WHAT THE EXERCISE ASKS -
Of the lines in the data below, write out exactly those from the one holding "Влажный корм для" through the one holding "煮着煮着厨房顶灯熄灭了 观赏鱼论坛 第3张", both included.

SUPPLIED MATERIAL -

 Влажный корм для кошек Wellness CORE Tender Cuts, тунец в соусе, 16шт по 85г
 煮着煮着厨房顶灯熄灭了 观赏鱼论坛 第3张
* * *
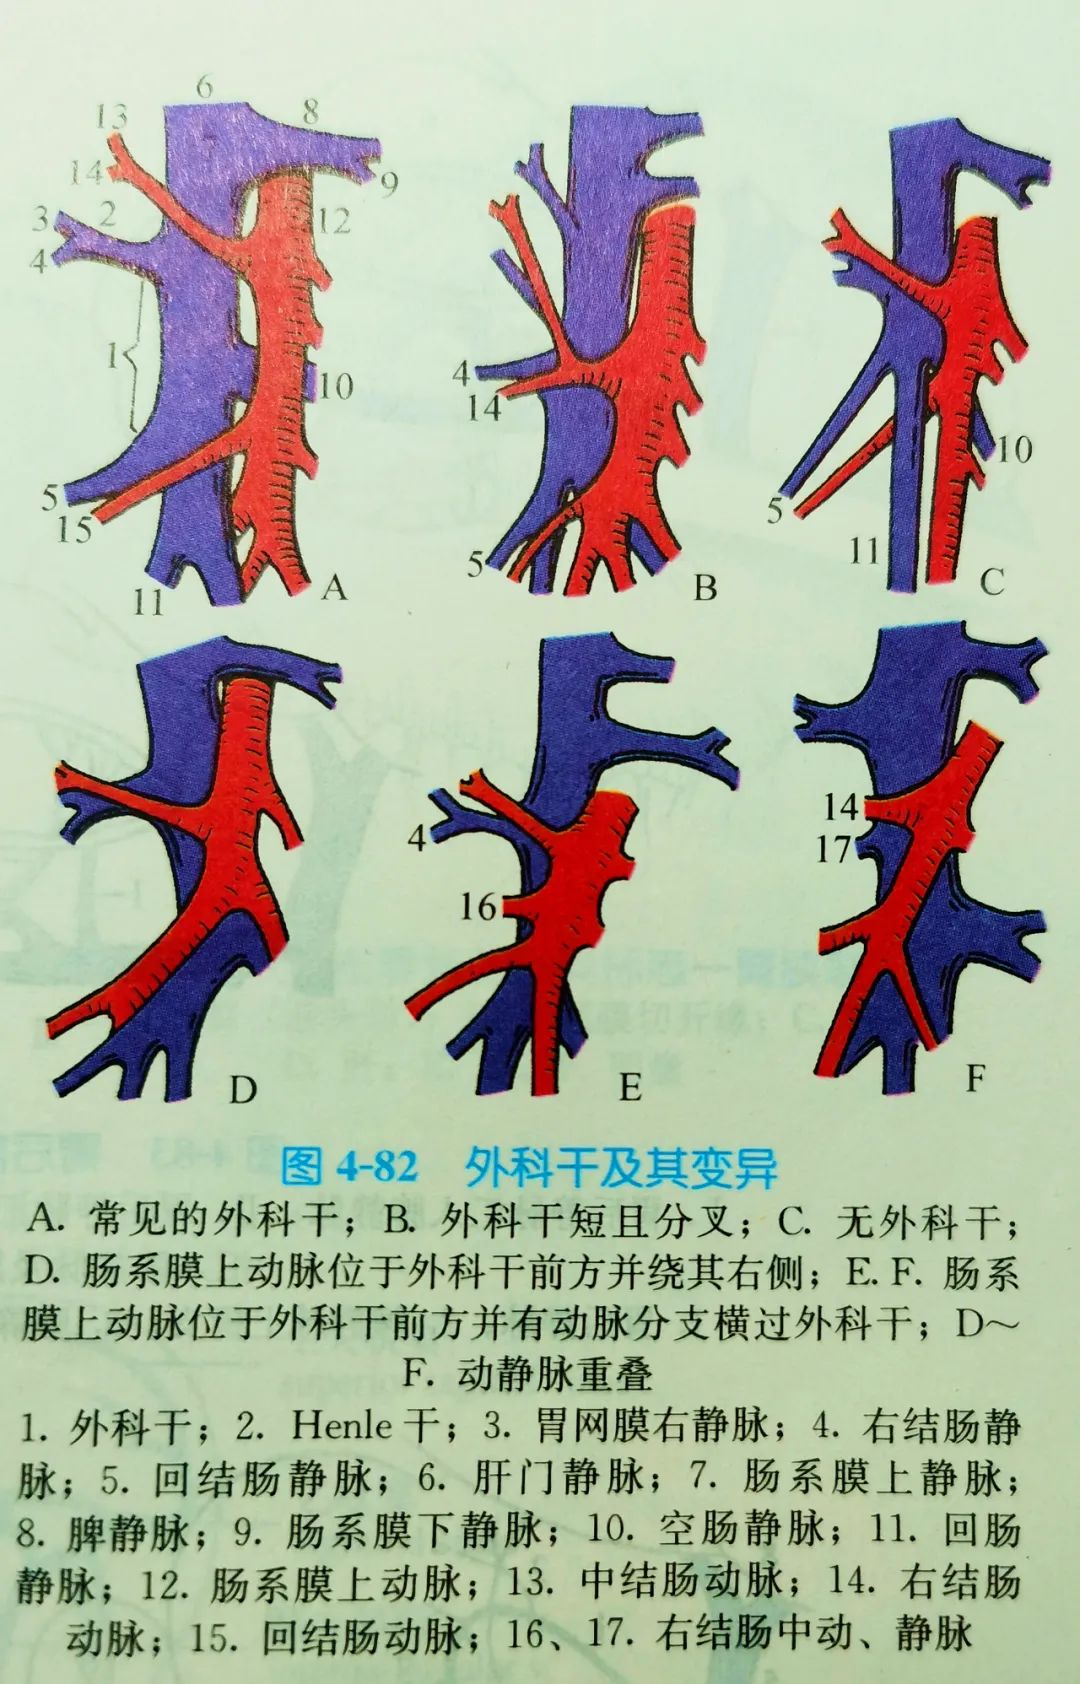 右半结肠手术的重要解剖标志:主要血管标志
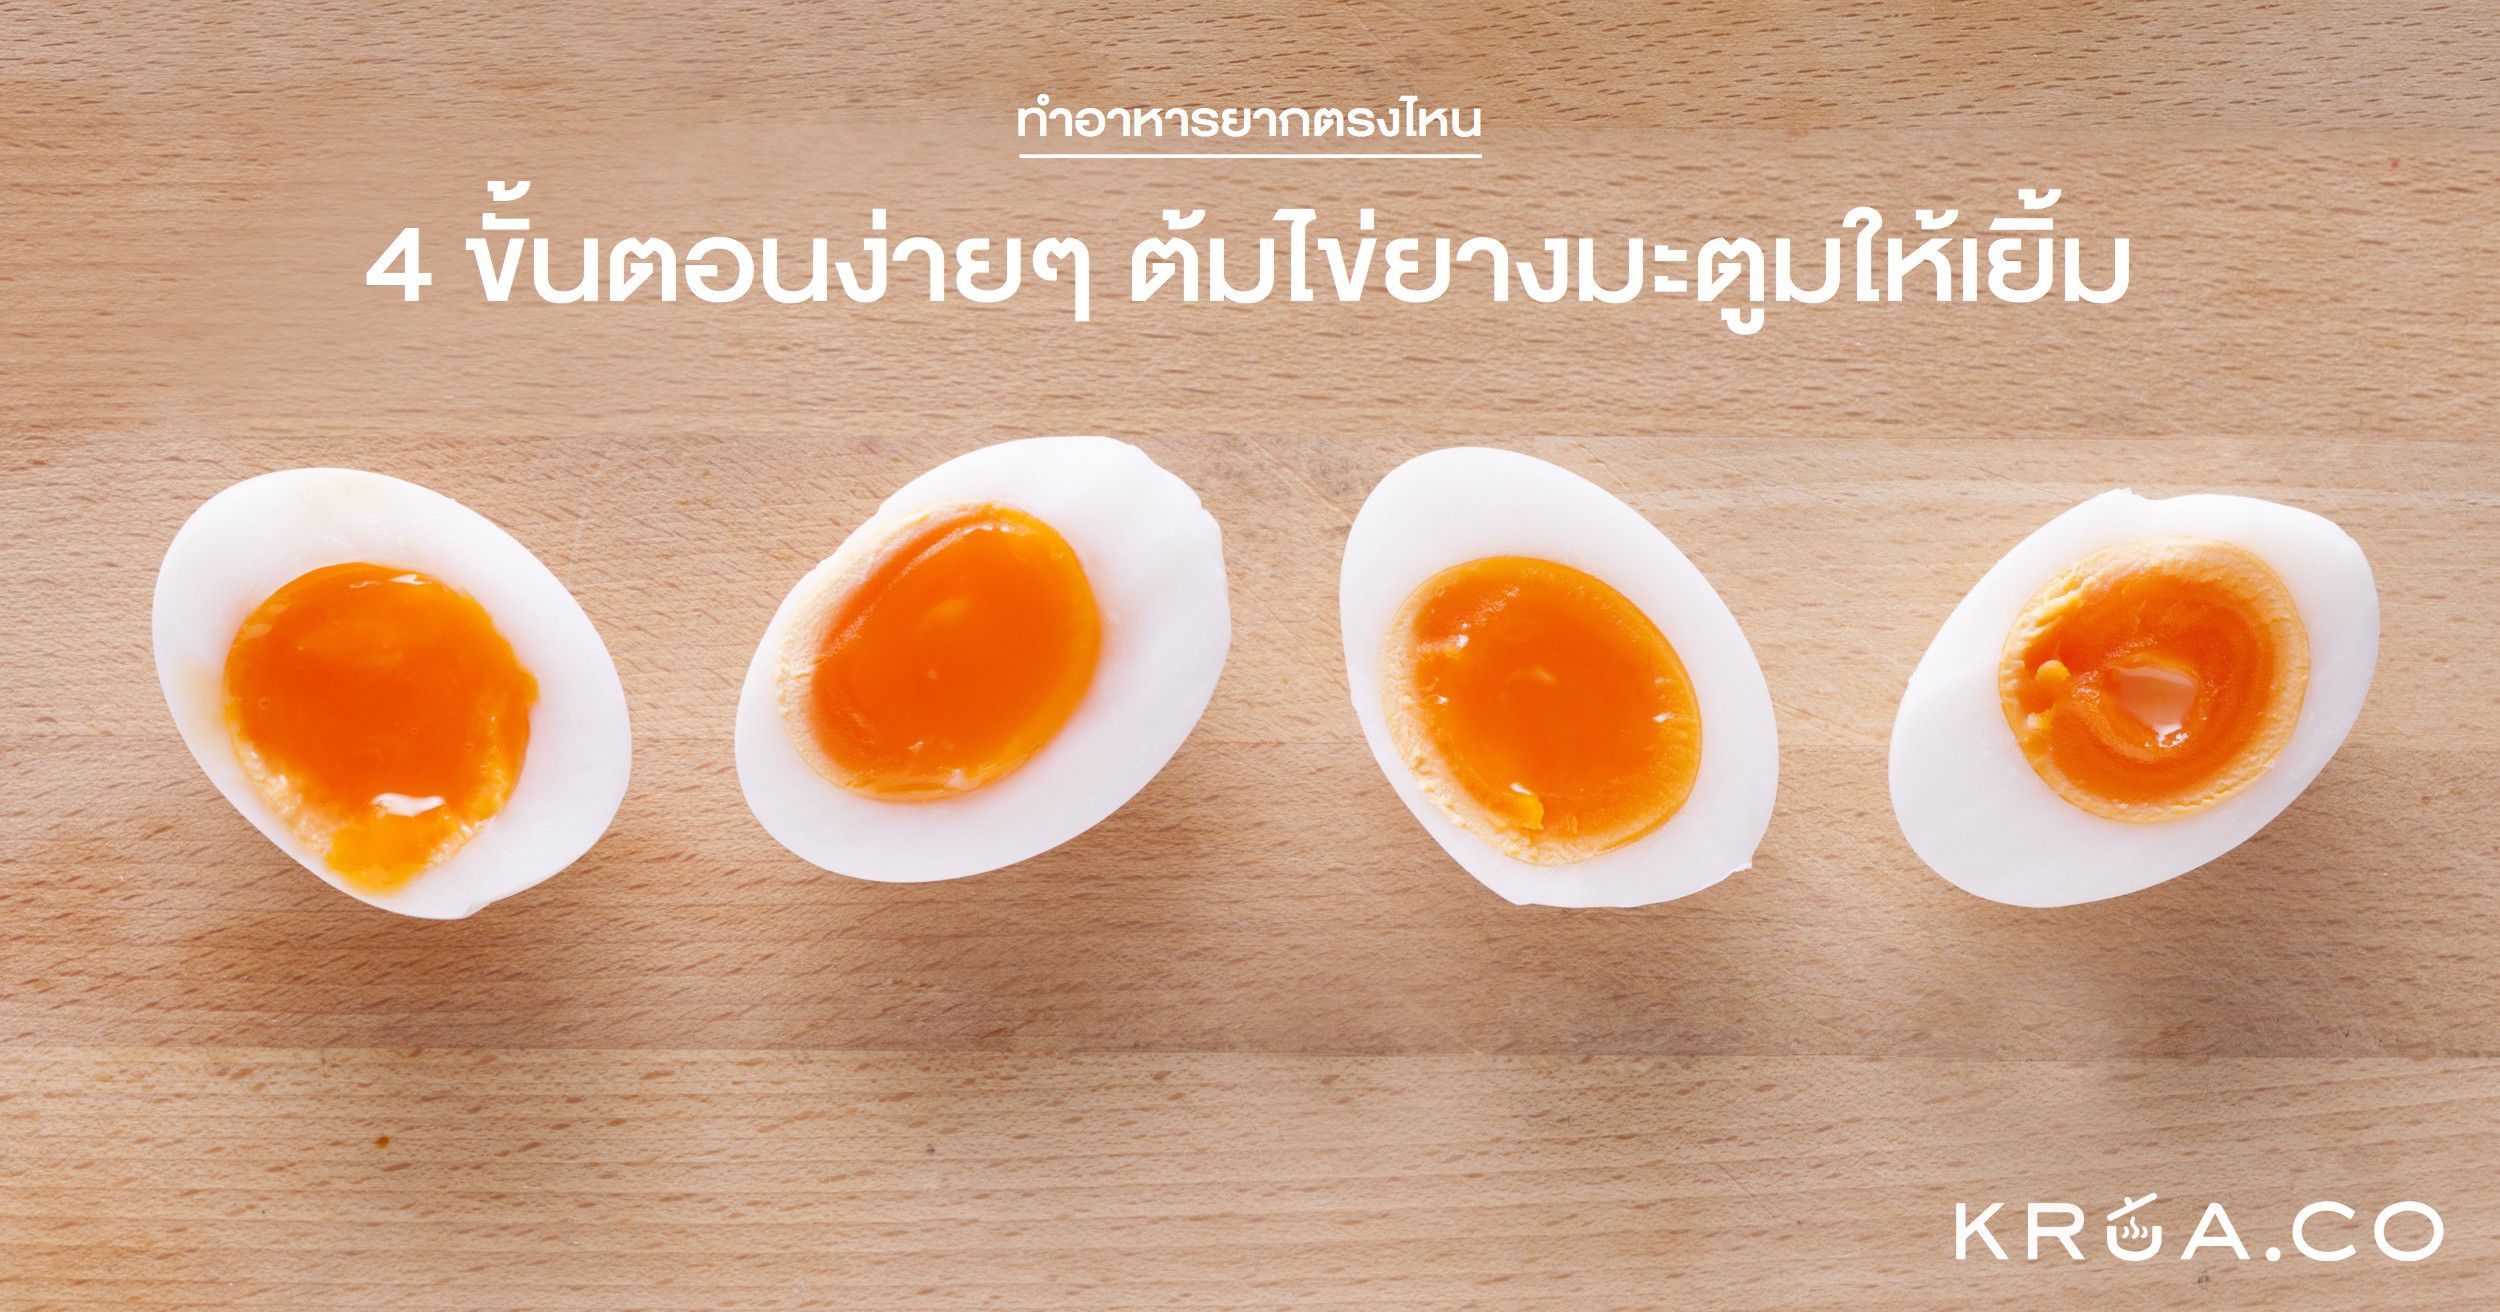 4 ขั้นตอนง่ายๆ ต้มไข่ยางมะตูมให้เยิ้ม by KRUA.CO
---
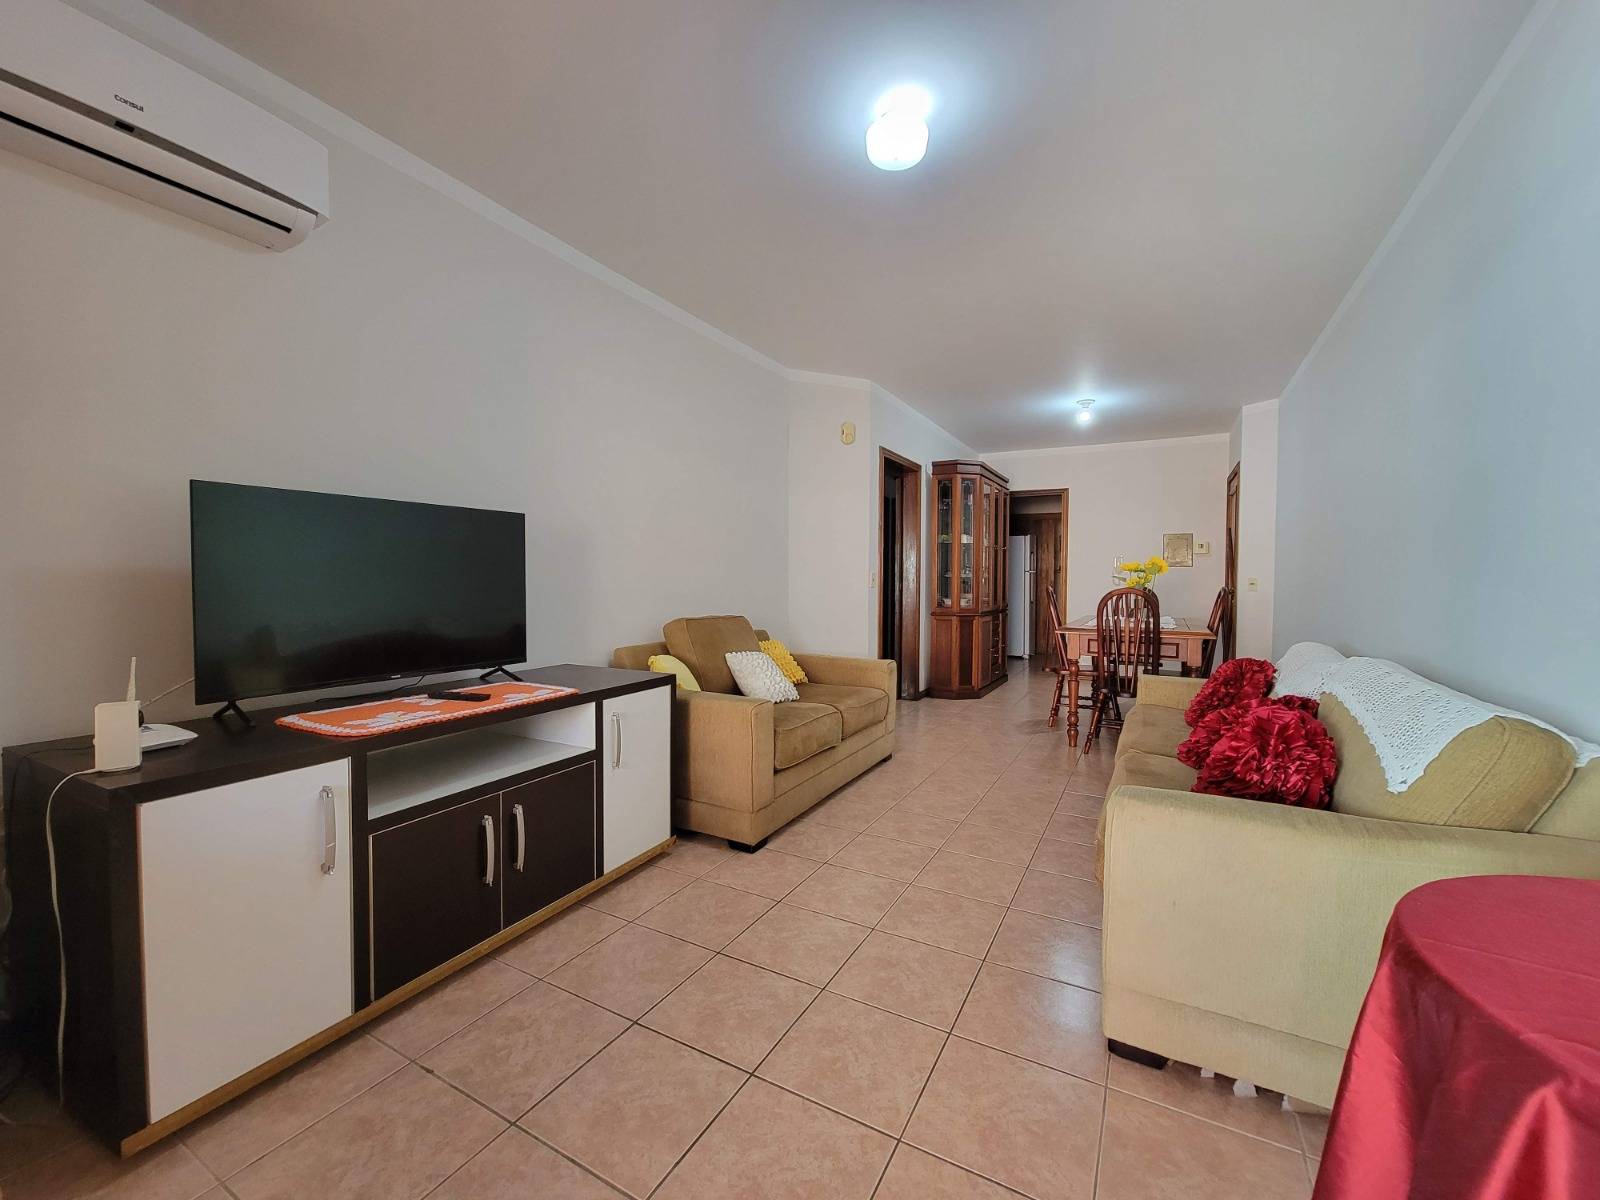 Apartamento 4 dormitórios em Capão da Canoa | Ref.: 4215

WRITTEN SOLUTION -
 Влажный корм для кошек Wellness CORE Tender Cuts, тунец в соусе, 16шт по 85г
 煮着煮着厨房顶灯熄灭了 观赏鱼论坛 第3张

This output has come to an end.